The Data Mining Group of Aalto University is collaborating with researchers from the Indian Institute of Science, Polish Academy of Sciences and the University of Turku to explore algorithmic and human fairness and bias in decision making. In particular, they focus on racial bias in the predictions of the Correctional Offender Management Profiling for Alternative Sanctions (COMPAS) algorithm, a criminal risk assessment tool used in sentencing in a number of states in the U.S. The project, titled “Algorithms, fairness, and race: Comparing human recidivism risk assessment with the COMPAS algorithm”, was initiated at the Helsinki Summer Institute in Computational Social Science 2018.

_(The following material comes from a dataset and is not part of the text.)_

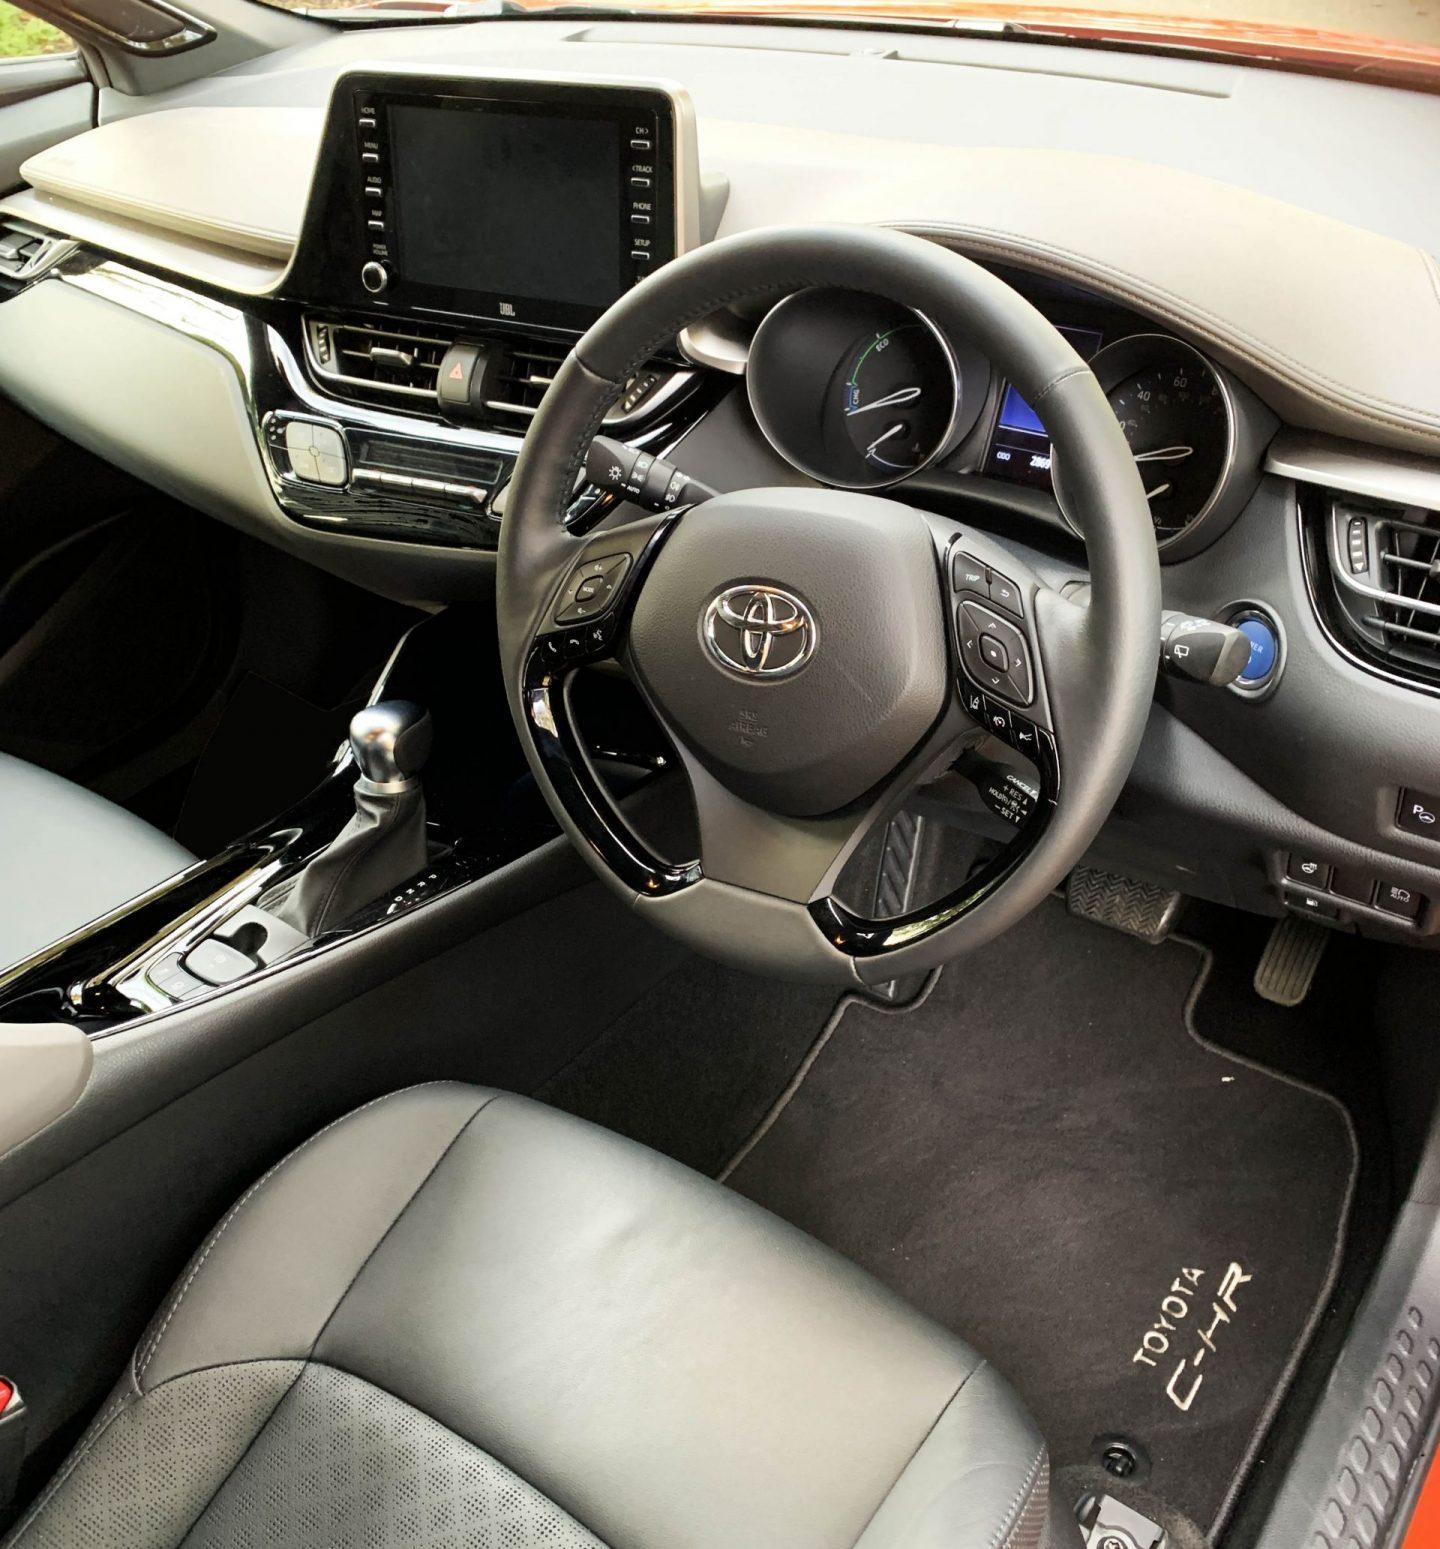 Toyota C-HR interior, Toyota C-HR Orange Edition, UK dad blog, dad blog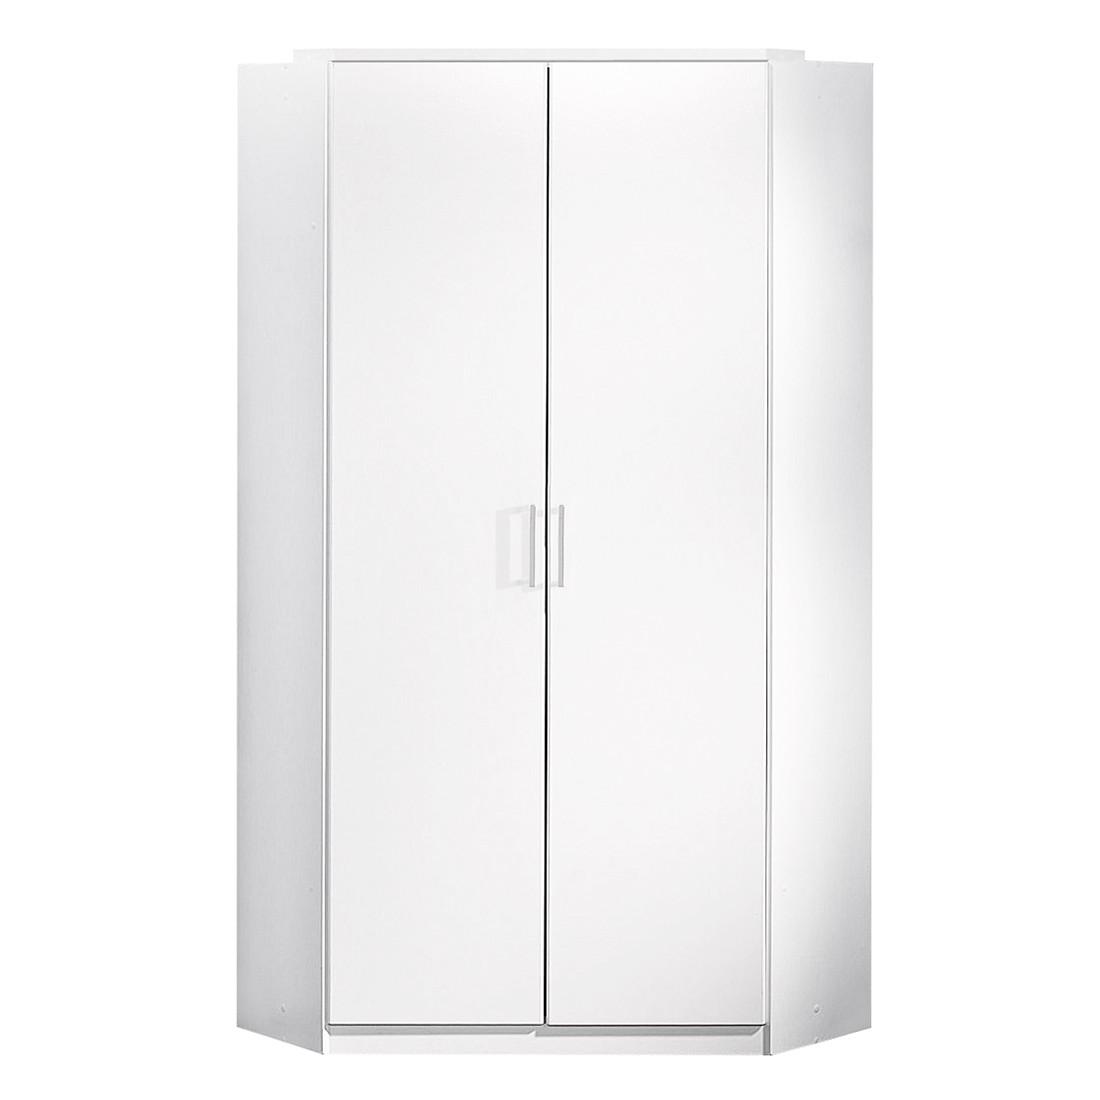 Armoire d'angle Click - Blanc alpin, Wimex

The project consists of two parts. In the first part the team explored a wide set of fairness metrics and demonstrated how data preprocessing performed in previous (published) studies affects the fairness assessment of algorithmic recommendations. In the second part they collected their own data to evaluate human fairness and bias, which they then compared with the COMPAS assessment. In doing so, they drew from sociological concepts of in-group bias, social status, and stereotyping to formulate hypotheses about the patterns of associations between the respondent’s race, the race of the evaluated defendant, and the recidivism predictions.
The second part was based on a vignette survey run on TurkPrime. The respondents were presented with short descriptions of defendants and asked to predict recidivism risk. The survey was designed to have a balanced composition of white and black respondents, who were presented with vignettes of white and black defendants. Defendant descriptions came from real data on pre-trial defendants, which makes it possible to compare their COMPAS scores, real recidivism data, and risk assessment by survey respondents.
The first results were presented as a poster at the European Symposium Series on Societal Challenges in Computational Social Science held in Cologne, Germany on December 5th-7th, 2018. Preliminary analyses show that respondents are more lenient towards the offenders of their own race, but the differences are not large. However, if we exclude the defendants with medium-risk COMPAS scores and cases with high disagreement among the respondents (the majority is supported by less than 3/4 of the respondents of the same race), then race does not play a role and prediction rates agree. This suggests that decisions in ambiguous medium-risk cases are most susceptible to bias. Currently the team is working on finalizing the analysis and writing up a paper.